• [AIM OF THE TASK]
With the pictures omitted, print exactly the lines below, from the one containing "aa94f6211e0885 Mooie glamoureuze" through the one containing "tauchbecken selber bauen pool", and nothing else.

• [RECORDED DATA]

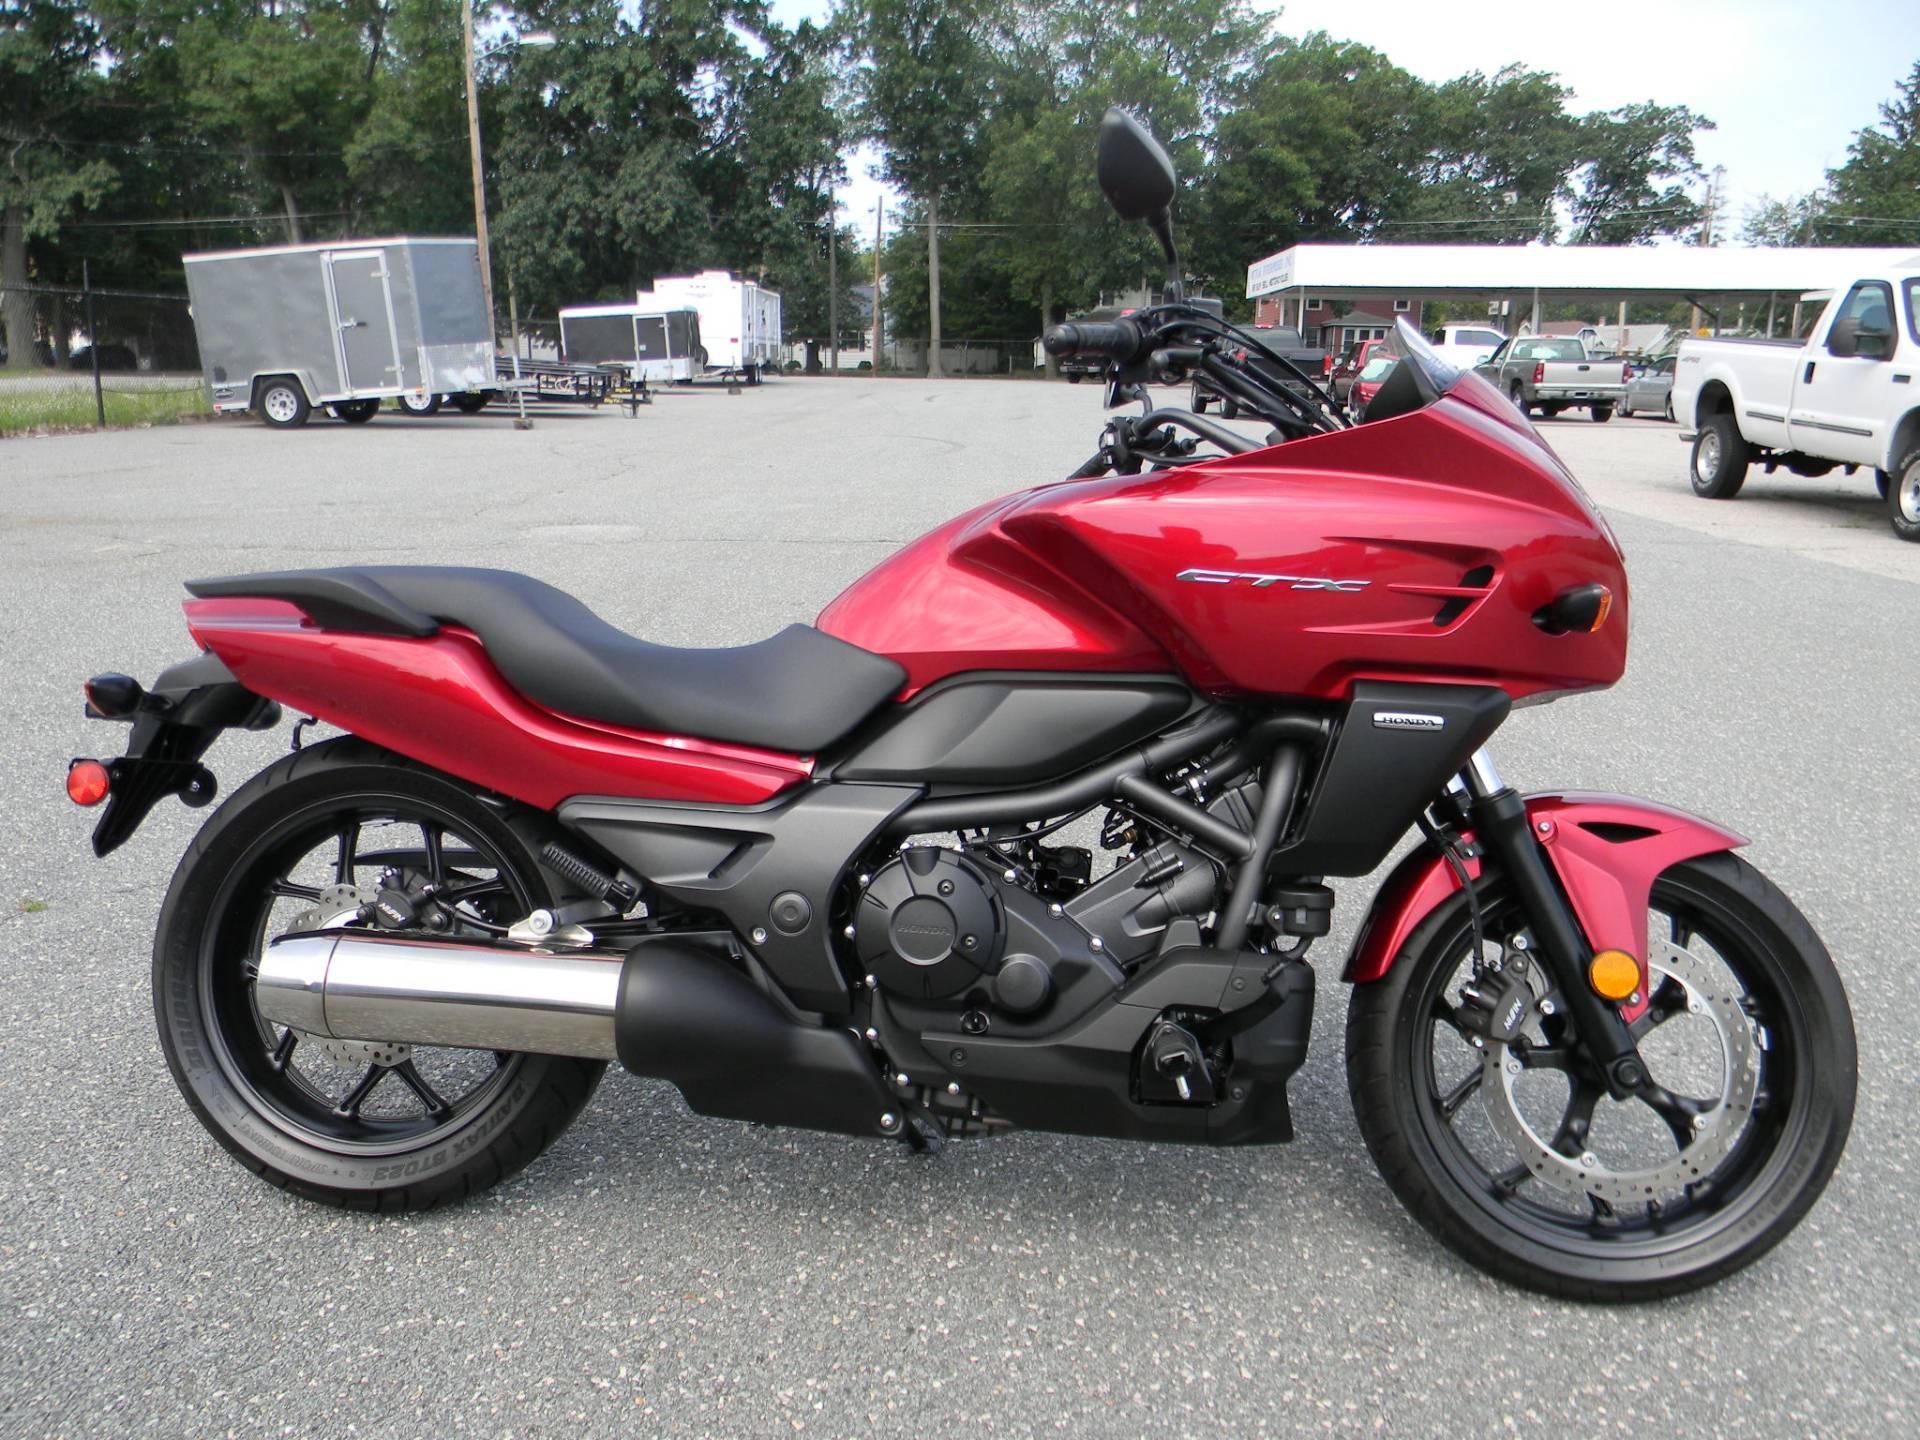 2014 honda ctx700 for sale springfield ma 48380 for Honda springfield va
==
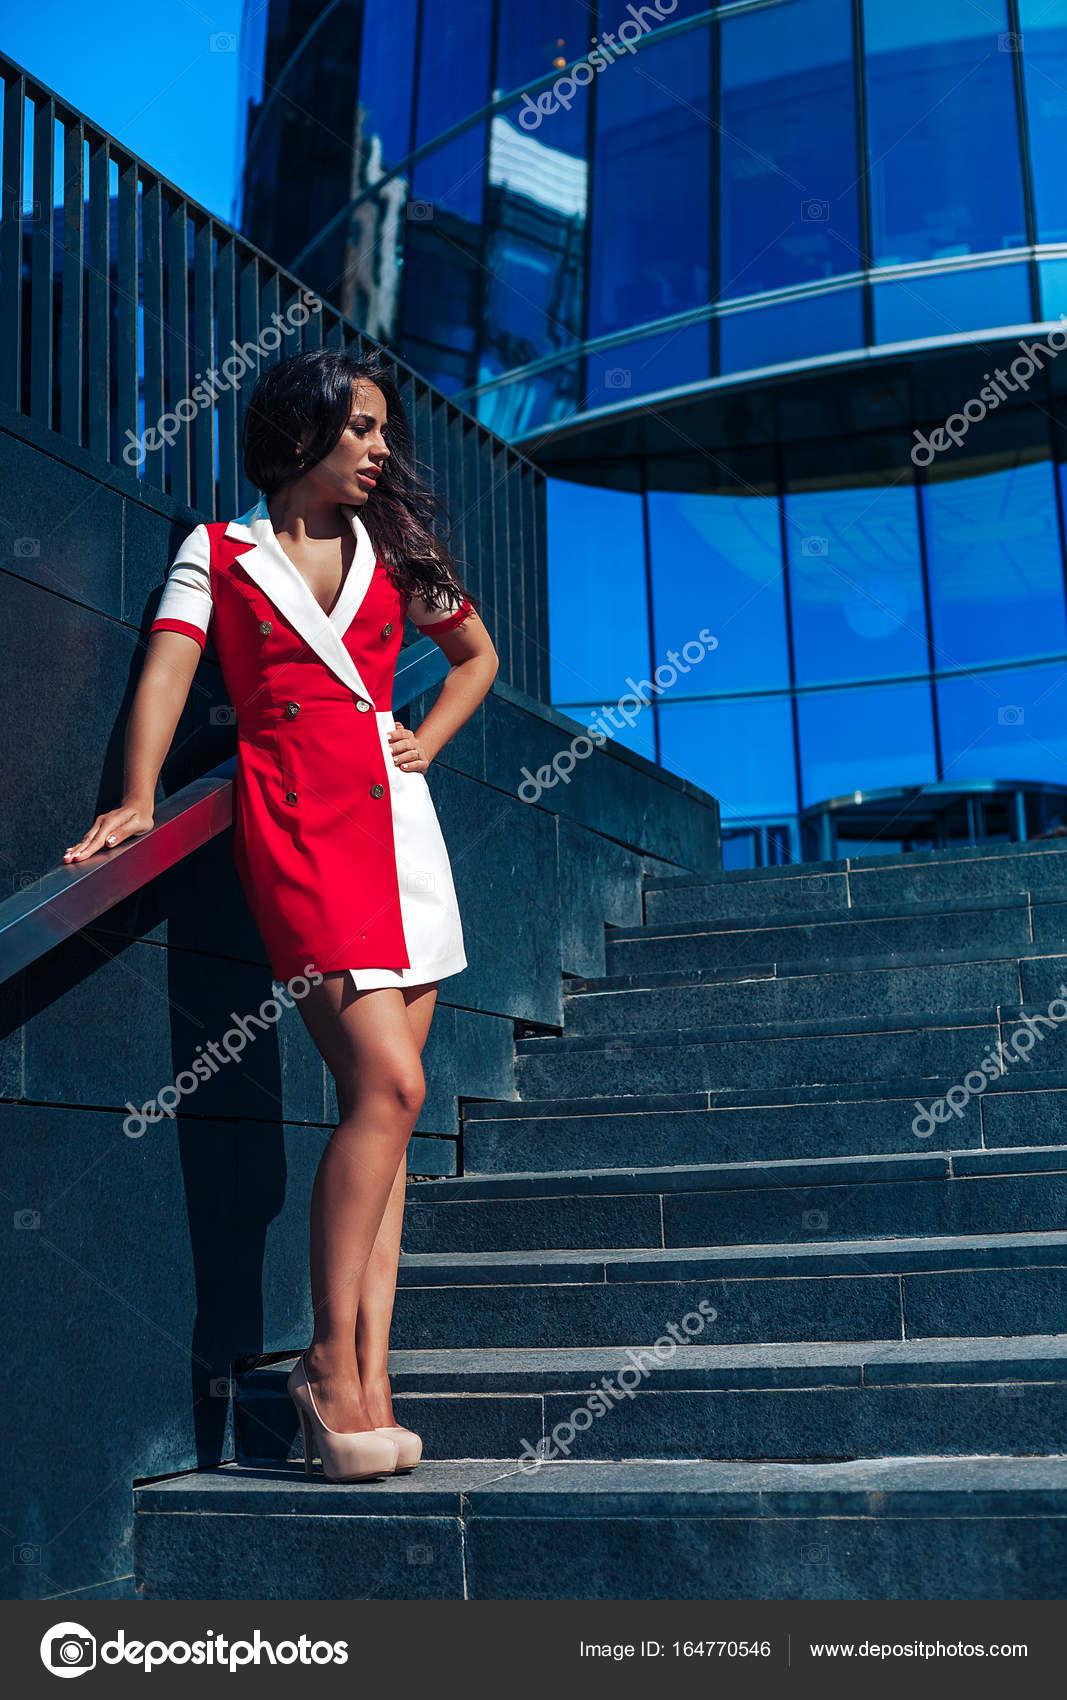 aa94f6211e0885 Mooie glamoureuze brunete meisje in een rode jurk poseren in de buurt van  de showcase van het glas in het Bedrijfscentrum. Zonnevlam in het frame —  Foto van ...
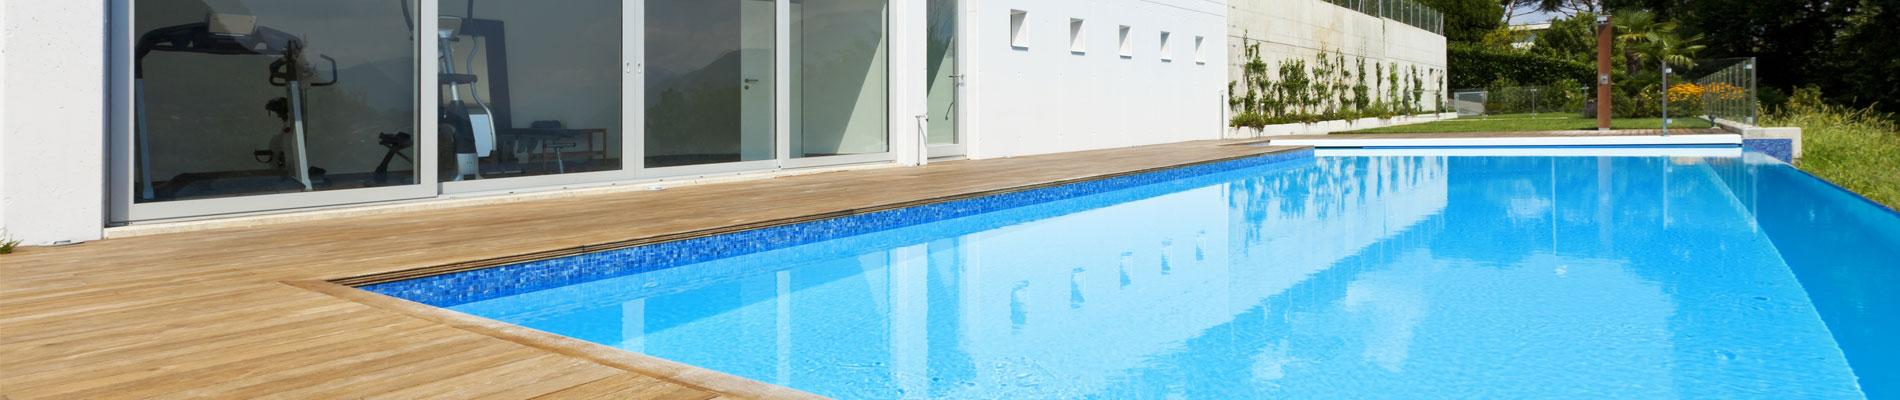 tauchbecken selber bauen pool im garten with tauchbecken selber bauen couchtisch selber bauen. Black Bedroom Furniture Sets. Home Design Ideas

• [RESPONSE TO THIS EXERCISE]
 aa94f6211e0885 Mooie glamoureuze brunete meisje in een rode jurk poseren in de buurt van  de showcase van het glas in het Bedrijfscentrum. Zonnevlam in het frame —  Foto van ...
 tauchbecken selber bauen pool im garten with tauchbecken selber bauen couchtisch selber bauen. Black Bedroom Furniture Sets. Home Design Ideas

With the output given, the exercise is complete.